Six Forces That Can Drive Innovation—Or Kill It
Players
The friends and foes lurking in the health care system that can destroy or bolster an innovation’s chance of success.
Funding
The processes for generating revenue and acquiring capital, both of which differ from those in most other industries.
Policy
The regulations that pervade the industry, because incompetent or fraudulent suppliers can do irreversible human damage.
Technology
The foundation for advances in treatment and for innovations that can make health care delivery more efficient and convenient.
Customers
The increasingly engaged consumers of health care, for whom the passive term “patient” seems outdated.
Accountability
The demand from vigilant consumers and cost-pressured payers that innovative health care products be not only safe and effective but also cost-effective relative to competing products.

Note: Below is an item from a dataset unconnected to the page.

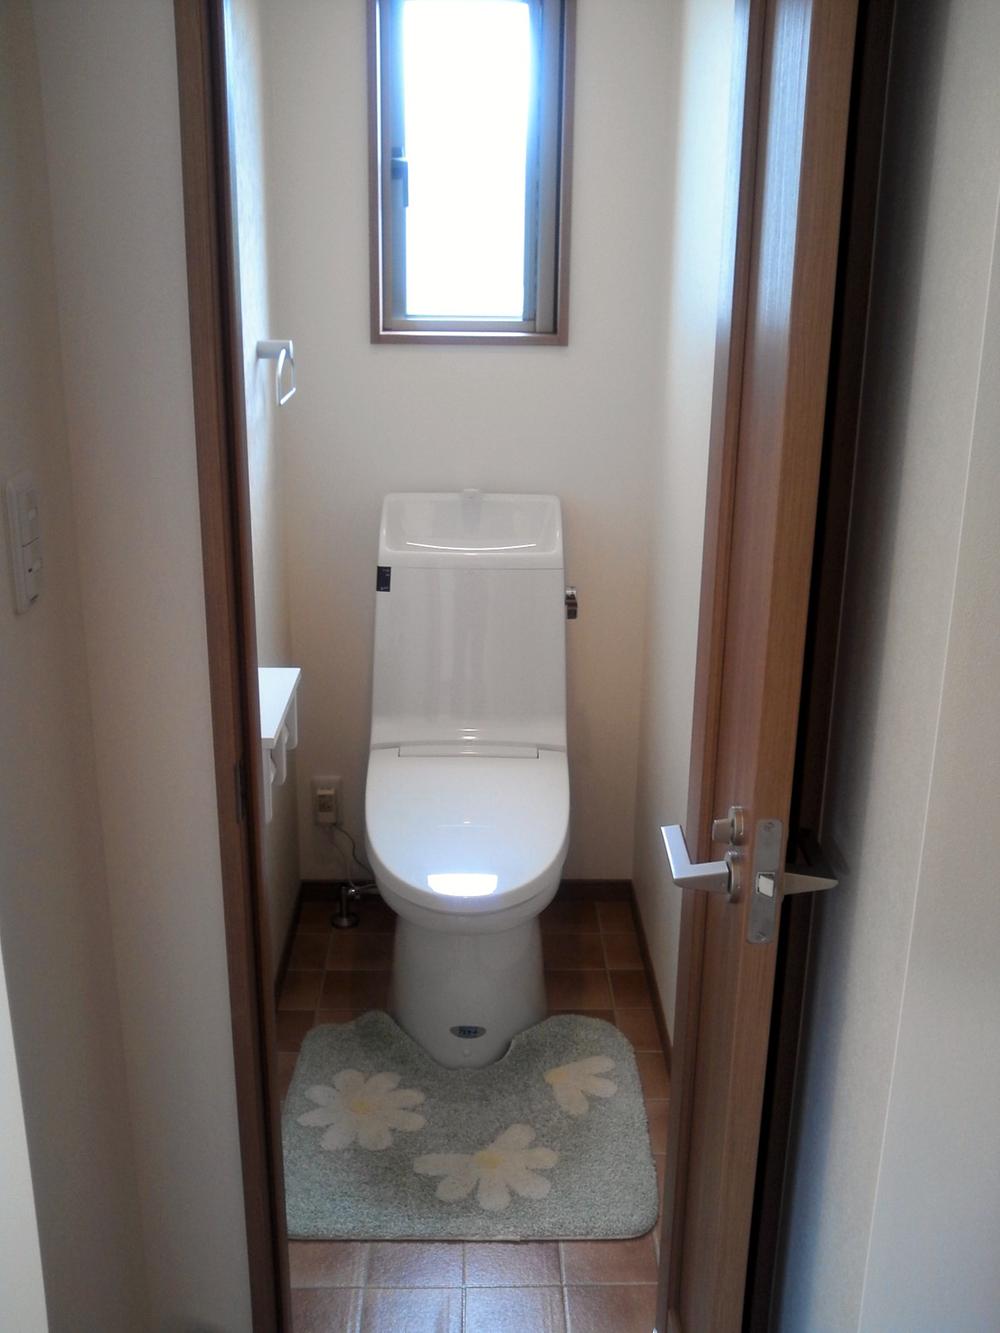 Toilet. Indoor (April 2013) shooting the second floor toilet.

Prescriptions for Public Policy
In the United States, a few policy changes would jump-start the health care industry’s ability to innovate.
Universal coverage.
Ensuring that the 46 million or so uninsured people in the U.S. have health insurance would spur innovation by dramatically increasing the size of the market. But is it achievable? Universal coverage is, after all, one of the most contentious political issues of our time. Switzerland offers some possible answers. The country requires people to buy health insurance, subsidizing the sick and those who can’t afford coverage. Although the Swiss government constrains the design of benefits, Swiss insurers have greater incentives to respond to consumer needs than do U.S. insurers, which sell primarily to employers or to government-based organizations. Switzerland’s excellent health care system costs only 11% of GDP, versus 16% for the United States. More detail on the Swiss experience can be found in an article I coauthored, “Consumer-Driven Health Care: Lessons from Switzerland” (Journal of the American Medical Association, September 8, 2004).
A consumer-driven system.
Giving U.S. consumers control over their health insurance spending would transform the health insurance market, better aligning consumers’ and innovators’ interests. We are already seeing this in the case of the increasingly popular low-cost, high-deductible health insurance policies offered by many employers. To create a completely consumer-driven system, we’d need to replace tax laws favoring employer-based insurance with individual tax credits for health insurance spending, thereby prompting the transfer of funds that employers currently spend on employee health insurance to the employees themselves.
Market-based pricing.
A system in which insurers set the prices that providers charge consumers is inefficient and a barrier to innovative attempts to integrate health care activities. Think of Duke University Medical Center’s innovative congestive heart failure program: The problem has been that the more patients it could successfully treat without lengthy and expensive hospital admissions, the less money it would make in insurance reimbursement. Disincentives to provide lower-cost care are common; making patients healthy usually doesn’t pay. And integrating care—offering the medical equivalent of an automobile, rather than a wheel, an engine, and a chassis—typically doesn’t have a reimbursement code.
An SEC for health care.
In a consumer-driven health care market, how can you shop if you don’t know the prices or, more important, the quality of what you’re buying? The best mechanism for transparency exists in the financial markets in the form of the U.S. Securities and Exchange Commission. While it has its flaws, the SEC generally ensures that consumers have adequate information by requiring companies to publish financial results that are verified by an independent auditor. In health care, the outcome data of individual providers of care are rarely available, and, when they are, they may be of dubious integrity because they aren’t audited by certified, independent professionals.